Stranger Than Fiction
Author Kay Eiffel kills the lead characters in all her books. Unbeknownst to her, her newest character is a real person, and he doesn’t want to die.
I guess that sounds more ominous than it really is, but that’s basically the main problem facing Harold Crick (Will Ferrell). I’m no fan of Ferrell’s, but he is actually likeable and bearable in this film. B
The film everyone has been waiting for lives up to the positive hype. Daniel Craig plays a young and cocky James Bond on his first major mission. Winning a game of high-stakes poker with someone else’s money may sound more like pleasure than business, but Bond is up against a banker for terrorists (Mads Mikkelsen) who he must bring back alive. At Bond’s side is treasury agent Vesper Lynd (played by the stunning Eva Green). She’s responsible for the money Bond is gambling with, but she may have an agenda of her own.
Like most Bond movies, the plot for Casino Royale is complicated, but unlike many Bond films, it is comprehensible, too. The franchise has clearly been reinvented with this film, Judi Dench as M being the only direct link to the last set of films. A leg-crossing torture scene is painful even when I knew it was coming. The film slows toward the end, and the opening credit segment is disappointing (where are the half-naked dancing girls?), but the film is overall a fantastic addition to the Bond franchise. A-.
Darren Aronofsky directed the biggest movie related practical joke pulled on me, Requiem For A Dream. A former co-worker of mine loaned me a copy of the DVD saying that there was a great sex scene with Jennifer Connelly in it. The liner-notes inside the DVD for Requiem featured a litany of high-praise from the head goof-ball over at Aint-it-Cool-News. After watching the DVD, I came to a quick conclusion that both of them were full of crap! Oh, yeah, it’s a rather amazing, maybe artistic piece of work, but I’m sure as hell ain’t going to see it again or recommend anyone else see it, either.
That being said, I went into The Fountain with some trepidation. Oh, I had a better idea of what it was about than Aronofsky’s previous film, but there was still some wariness in the back of my head, which as it turned out, was only slightly justified.

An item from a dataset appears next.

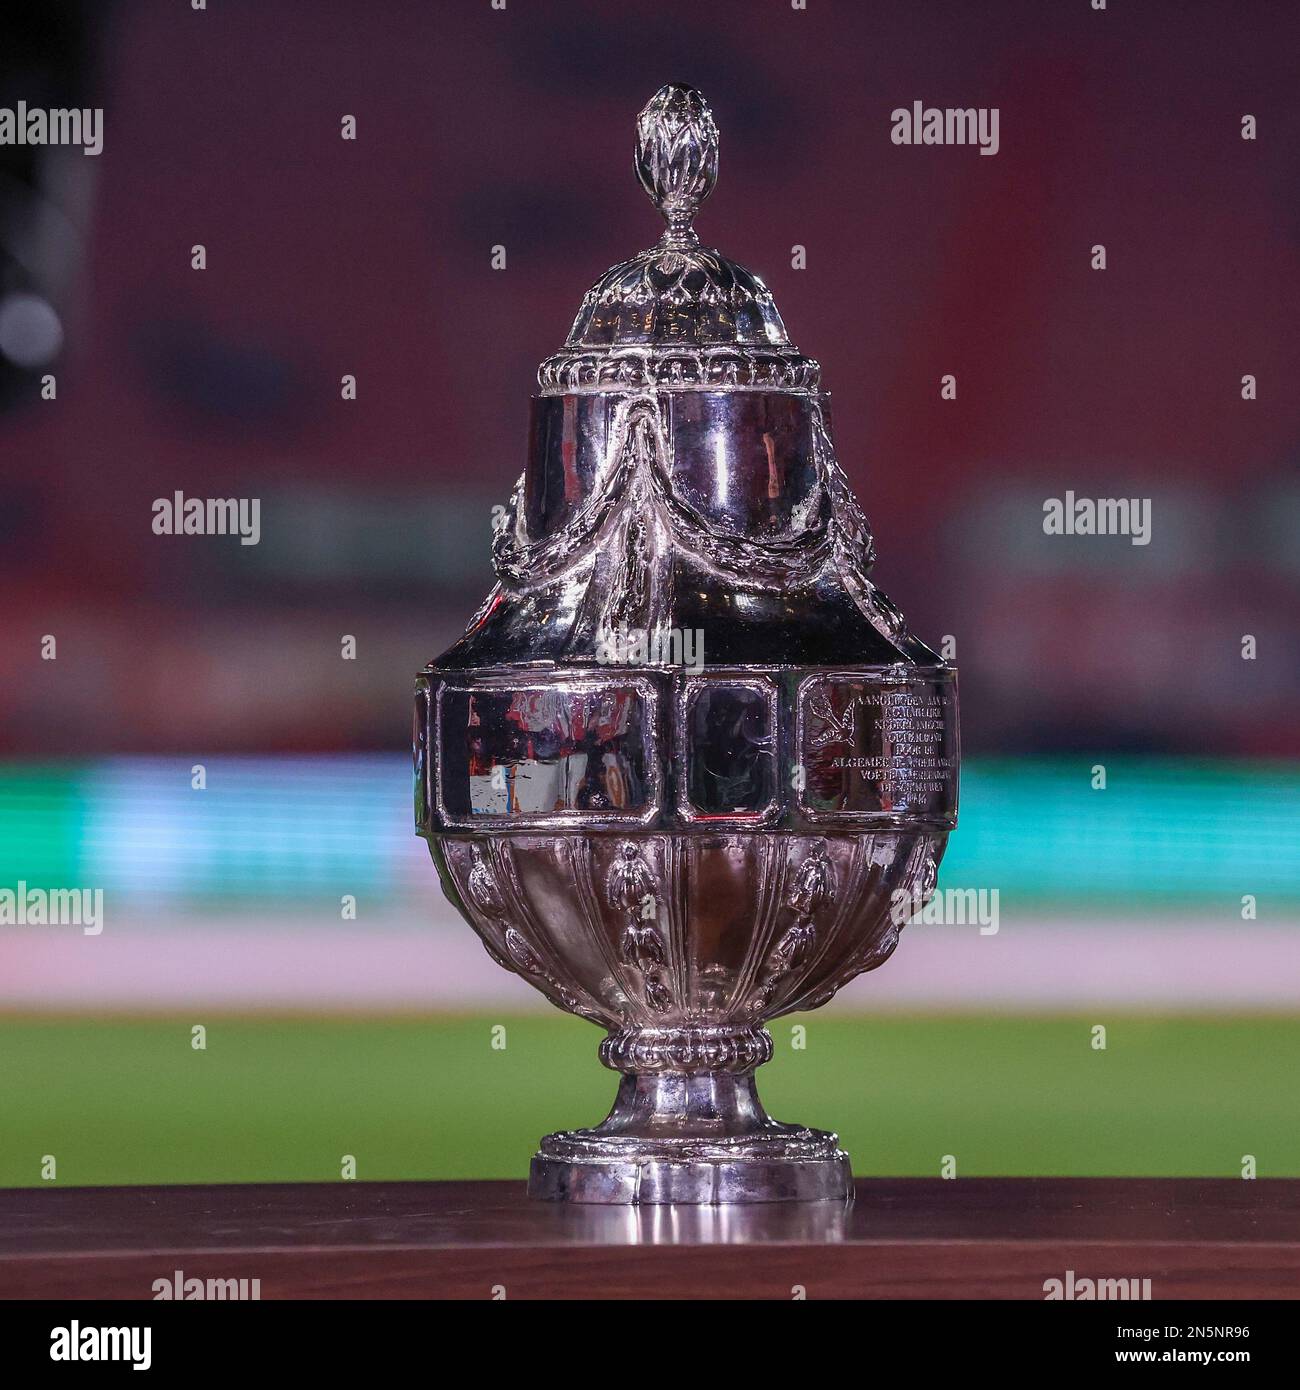 Toto knvb beker hi-res stock photography and images - Alamy

Some may say this is a millennium long love story between Issy (Rachael Weisz) and Tom (Hugh Jackman), beginning as a conquistador in search of the Fountain of Youth for his beloved queen, moving to a modern day doctor frantically searching for the cure to his wife’s cancer, and ending with… well, I’m not exactly sure, but I’ve read the third portion involves an astronaut and his intergalactic trip to restore the dying tree of life. Jackman carries the film very well, intense and convincing as all three of the characters he plays, while Weisz perfomance is subtle and more supportive of Jackman's than anything else.
Is Aronofsky’s story an existential vision, a metaphysical marvel, pompous prattle? What is the fate of the ring and what does it symbolize?
The hell if I know.
You don’t have to think very hard to enjoy this movie. The doctor and his wife are, in my view, the main subject of this story, and the conquistador and the astronaut are only parts of the story the wife has been writing in her final days called “The Fountain.” It helps in making the story easier to understand, although there are still a few questions that just can’t be answered by that train of thought as the film takes a turn in a weird direction reminiscent of Stanley Kubrick’s 2001.
All in all I recommend The Fountain and give it a grade of B.
EDIT: It's Hugh Jackman not Jackson! I'm an idiot and I know it.